Praying for myself, solely, was a new thought. My greatest, deepest prayers have always been for everyone and everything outside of my myself. I wondered what would happen if I prayed for me with the same fervor and intensity that I have been praying for others. My internal self became elated with the thought. Just the thought that I would or could love me and care for me on the same level by which I have loved and cared for others felt like a breakthrough. I have never loved me that much.
I had a conversation last night with an acquaintance in which I stated, unexpectantly, that in 2017 I was going to do me. That statement came from somewhere inside of me that knew what I just realized this morning at 6 am.It is time to be my own blessing.
I don't feel selfish about taking this journey. I will be 65 years old in a couple of months and I have always put others first, from the my children to my grandchildren, from my friends to my co-workers and it has gone on and on. However, I believe this journey will be okay. I don't feel selfish about it at all.

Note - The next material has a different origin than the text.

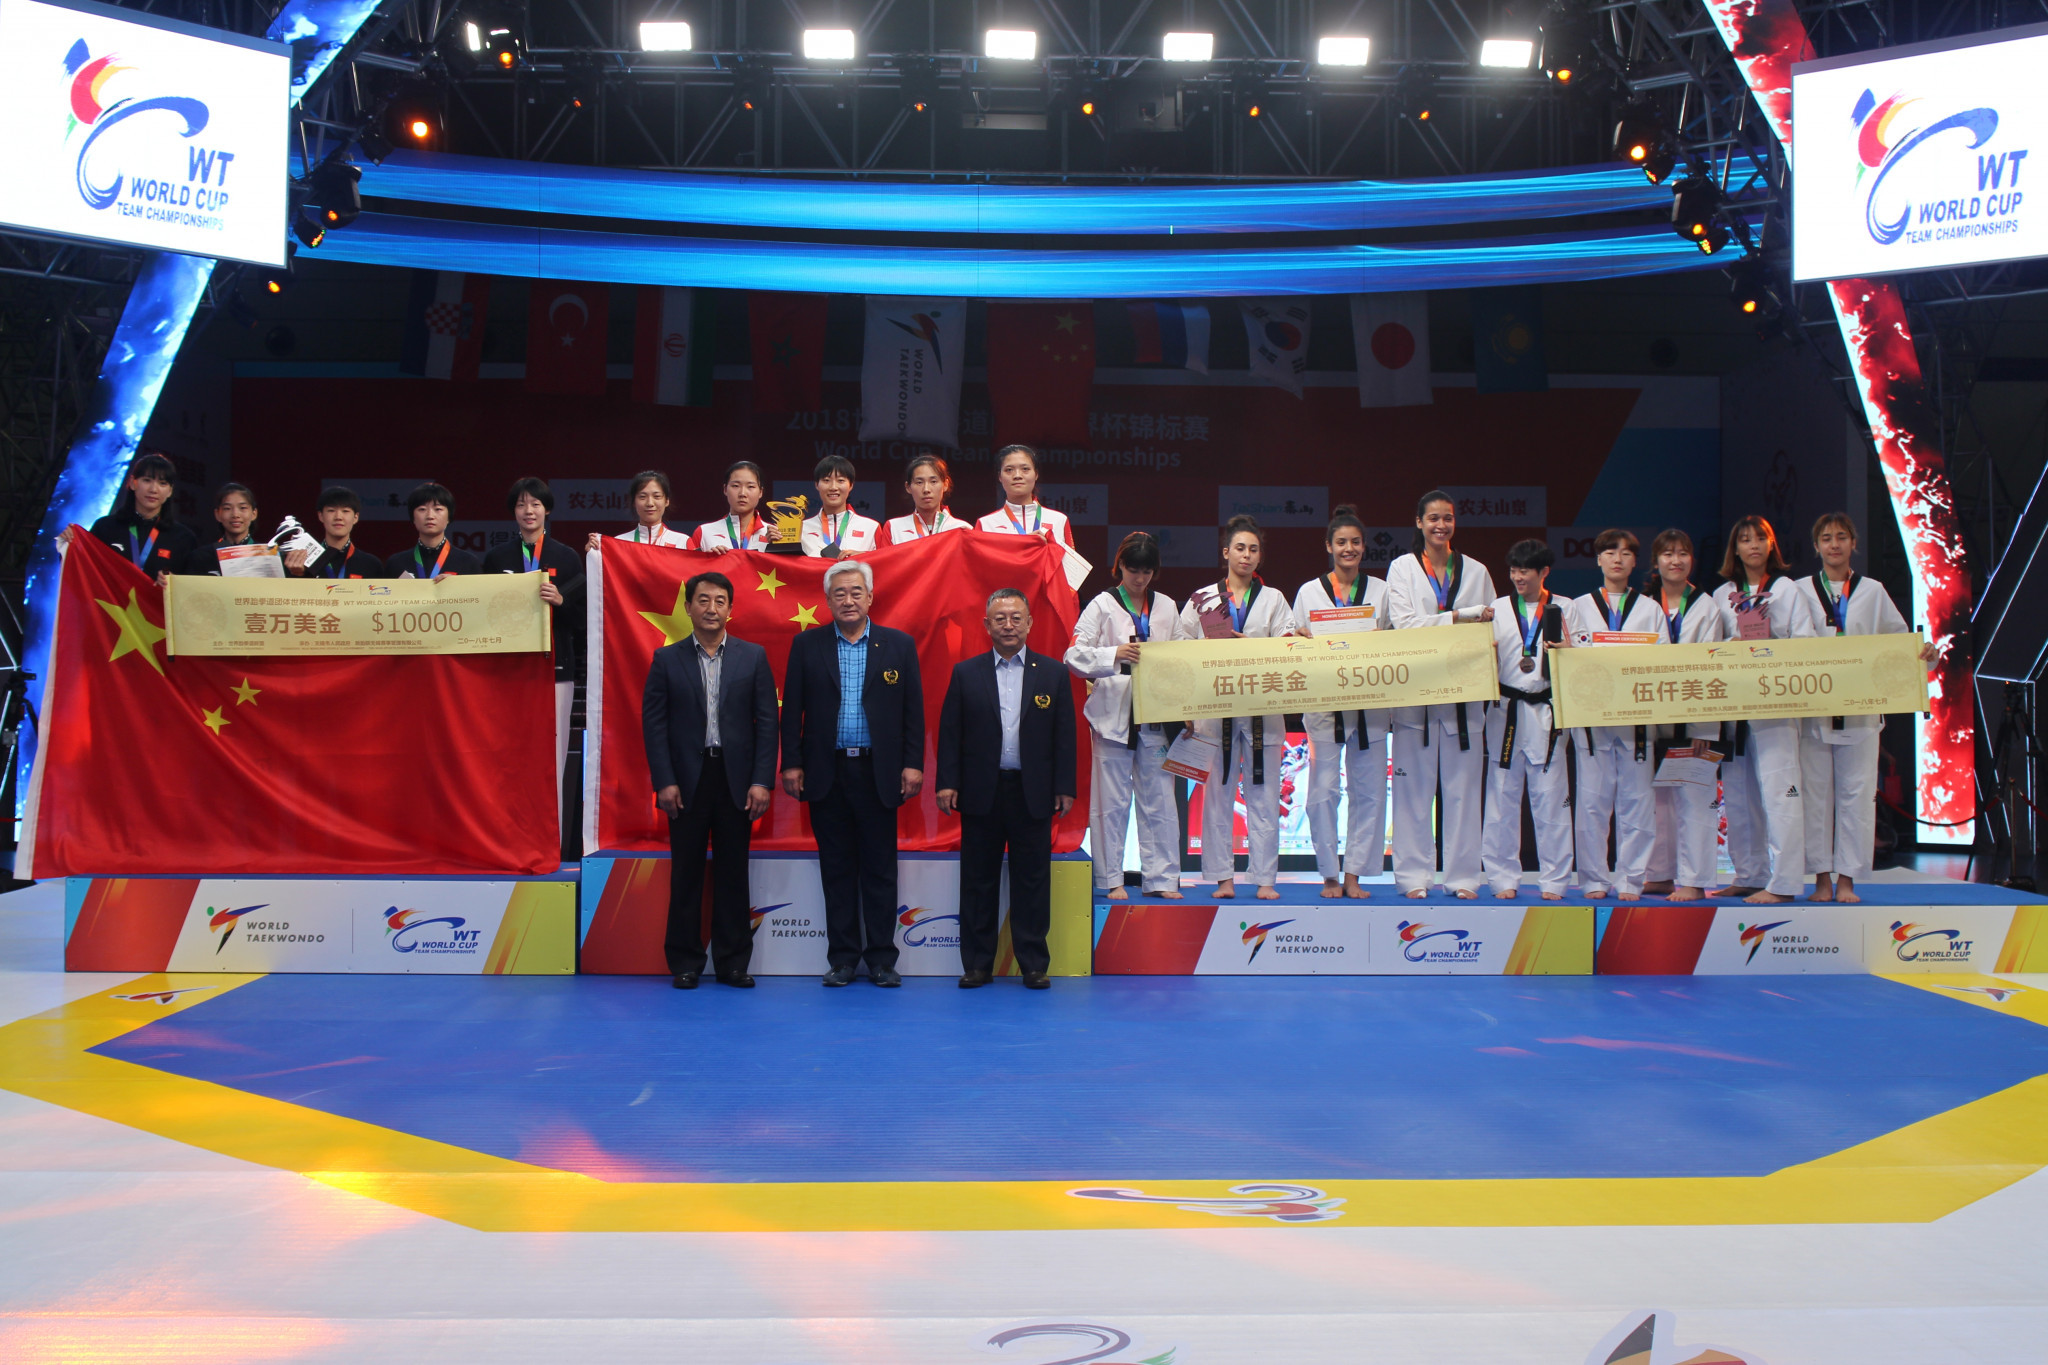 The awarding ceremony at the World Taekwondo World Cup Team Championships in Wuxi © World Taekwondo

My prayer for myself included releasing the things that no longer serve me, seeing myself as I truly am and recognizing the good in me for me. I have not failed to see the bad and the ugly (a matter of perception) but have failed to acknowledge my good self.
The First Page
I have failed to allow myself to reach for and have the desires of my heart. I would see what I wanted, but would not allow myself to have it because I felt unworthy of it. I would always choose the second best thing. For instance, starting a journal on the first page of the notebook would never happen in the past. It is a simple thing but, I always left the first page blank as if I wasn't worthy of having the first page in my own journal. Sure, I would tell myself that I was saving the first page because I may need to put something important on it, but never did. So pretty much every journal or notebook I have will have a blank first page. This notebook is the new beginning. I started it on the first page.
So this coming 2017 is going to be the year of Love, Rebecca. I want to become important to me. I want to feel my love circle back to embrace me with kindness and compassion in the same way I have extended it to others. I want to care for me that same way I have cared for others. I want to encourage myself as I have done for others. I want to see the God in me as I have seen God in others. I want to see the greatness in me that I have seen in others. I want to release that greatness for myself as I have tried to help release the greatness in others. I want success for myself now as I have wanted for everyone else.